> [Data to examine]:
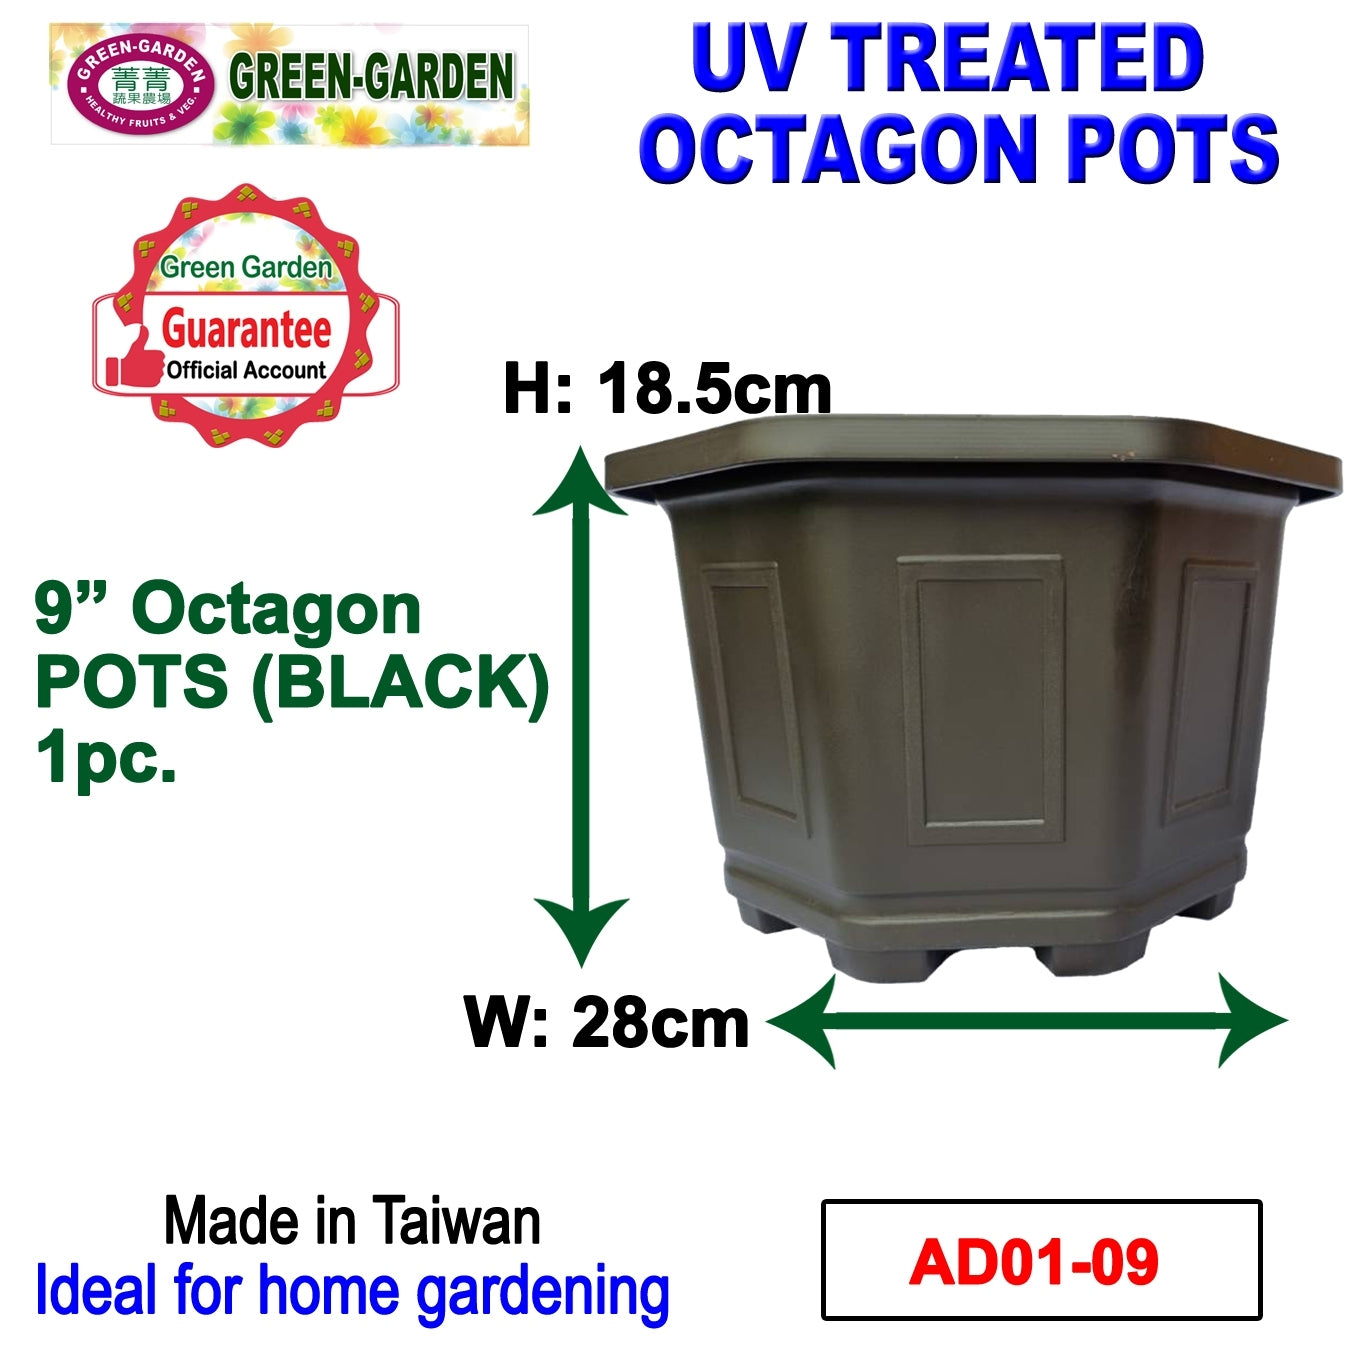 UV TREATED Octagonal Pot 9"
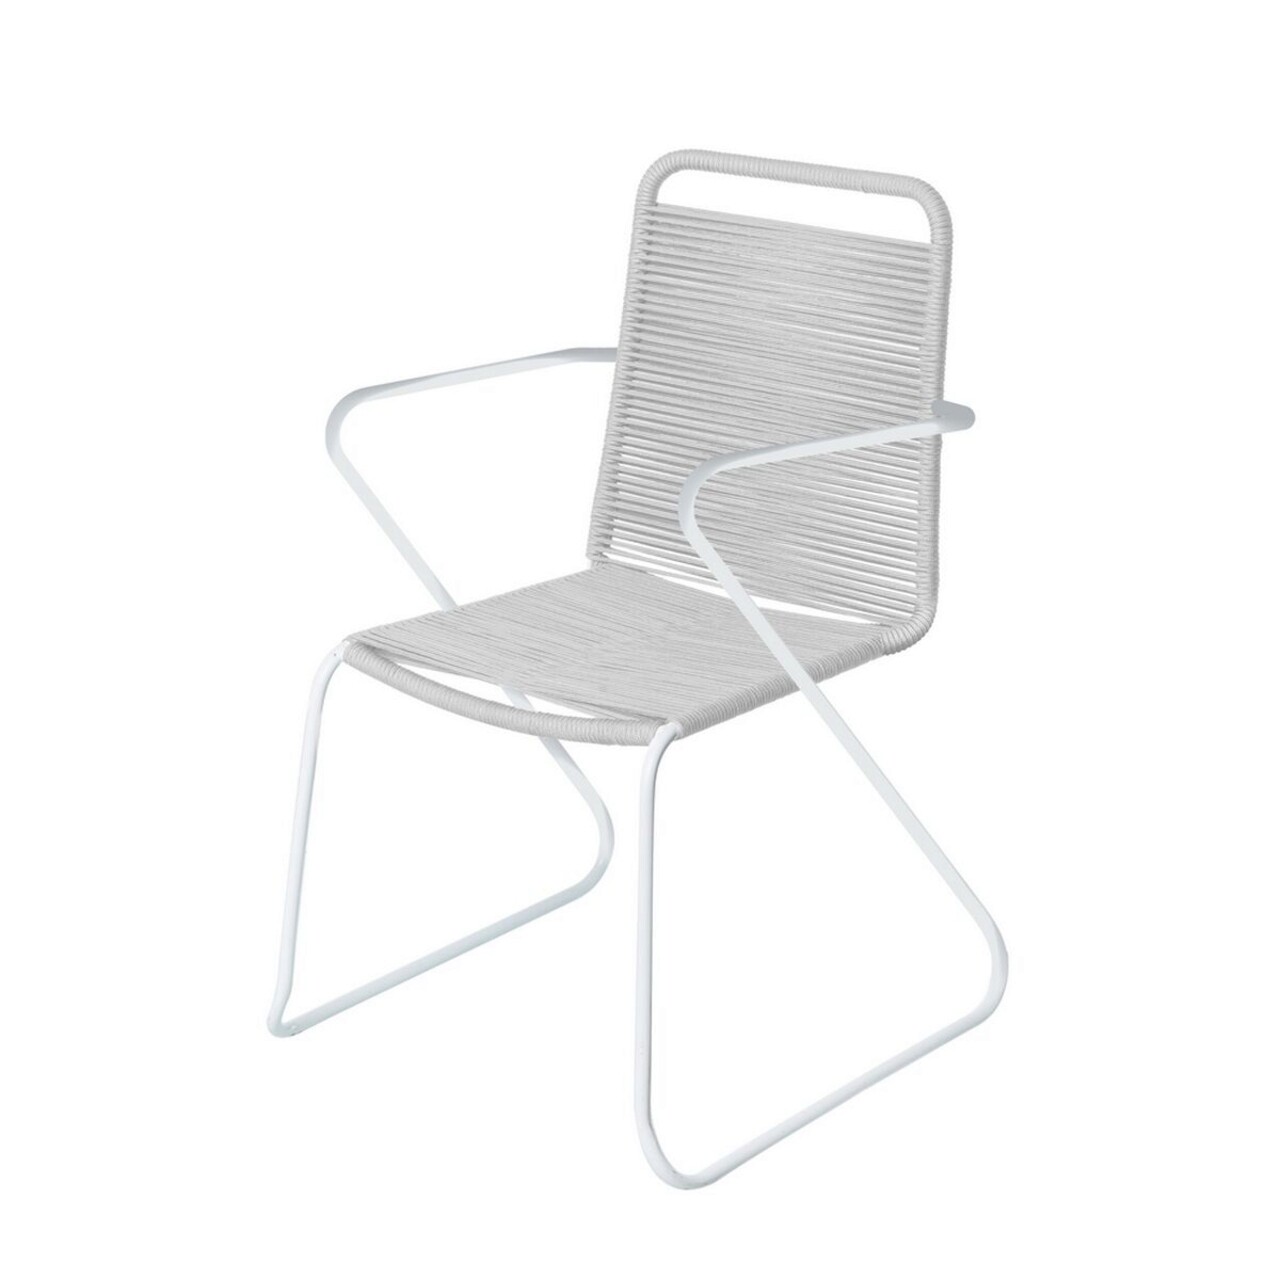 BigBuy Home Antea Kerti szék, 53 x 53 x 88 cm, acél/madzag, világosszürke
---
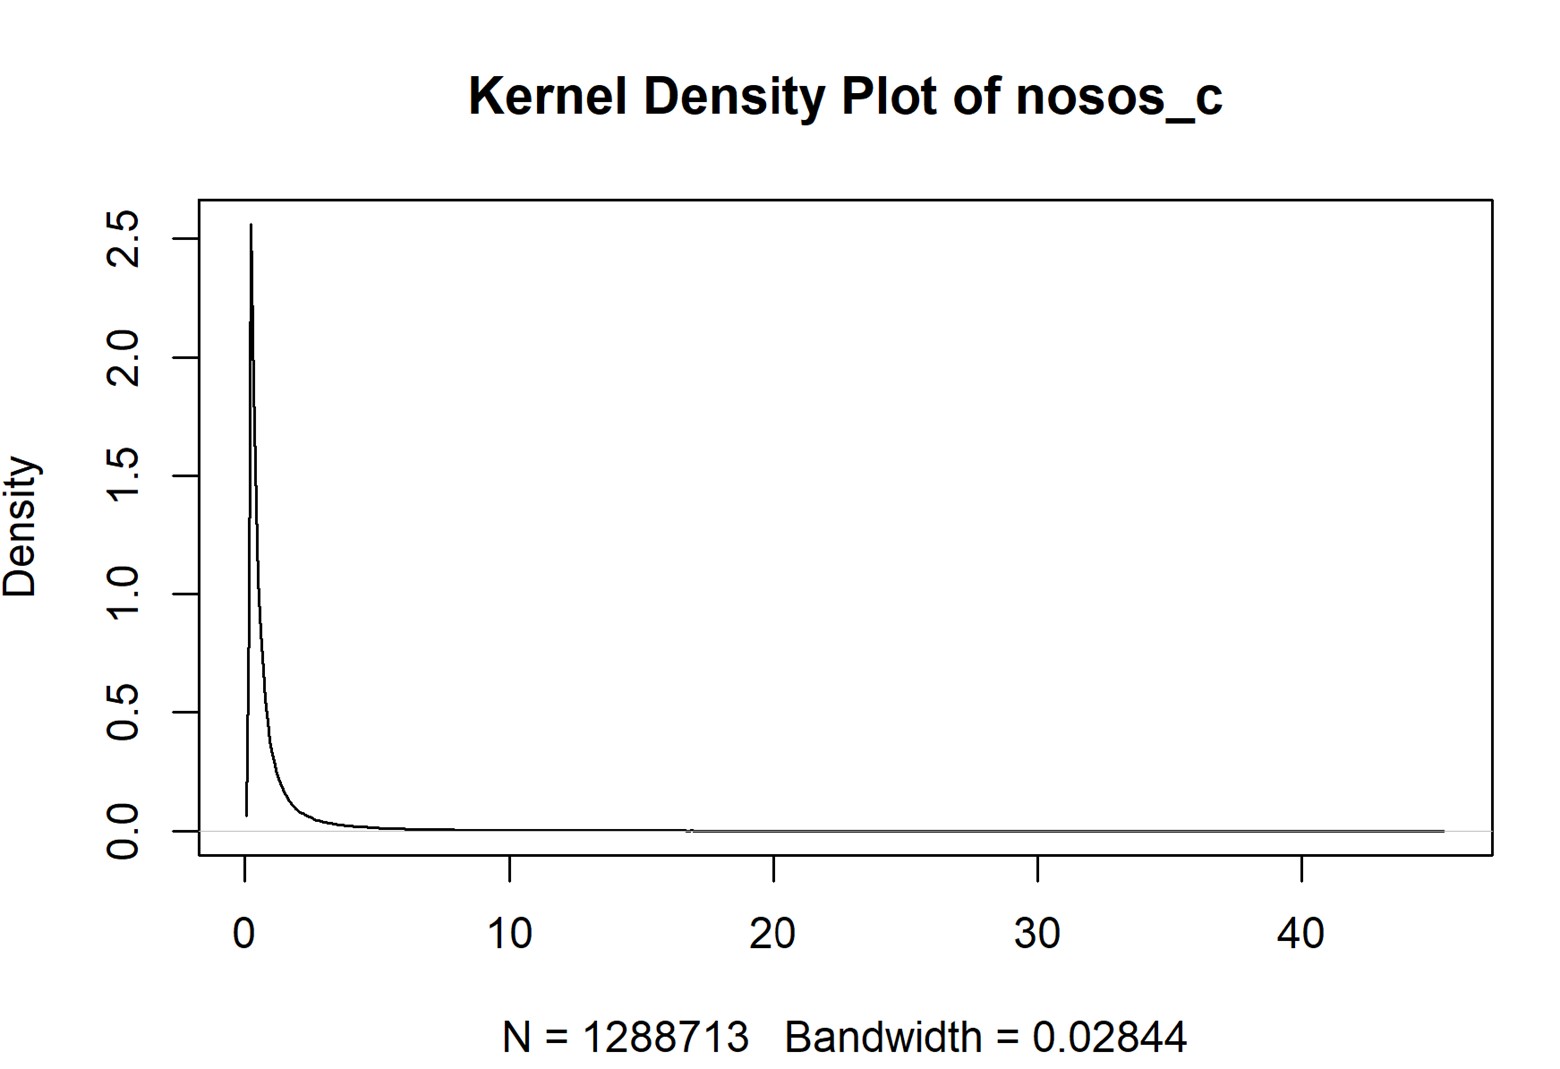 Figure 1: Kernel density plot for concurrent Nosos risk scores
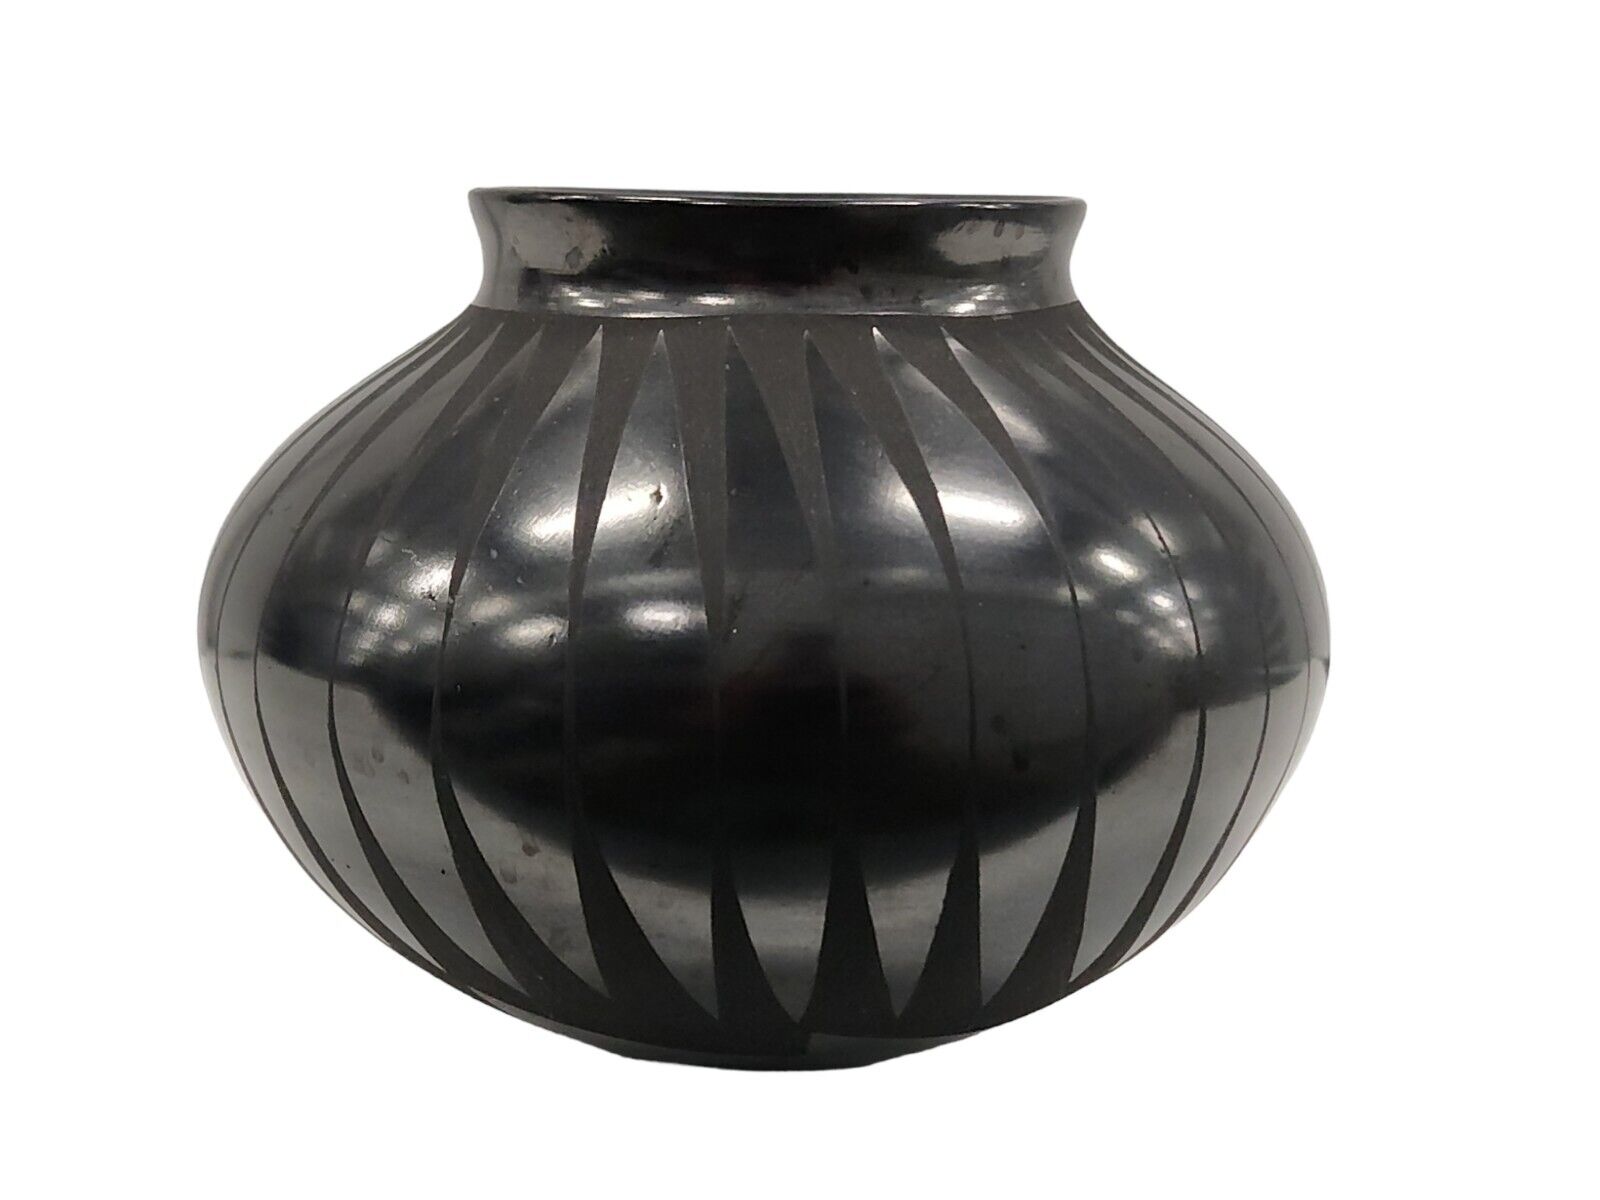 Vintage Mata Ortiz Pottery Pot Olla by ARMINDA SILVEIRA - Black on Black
...
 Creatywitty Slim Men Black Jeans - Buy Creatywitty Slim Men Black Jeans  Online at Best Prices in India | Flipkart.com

> [Task objective]: Print an exact copy of the lines above, from the one containing "UV TREATED Octagonal" through the one containing "BigBuy Home Antea", and leave out the pictures.

> [Answer below]:
 UV TREATED Octagonal Pot 9"
 BigBuy Home Antea Kerti szék, 53 x 53 x 88 cm, acél/madzag, világosszürke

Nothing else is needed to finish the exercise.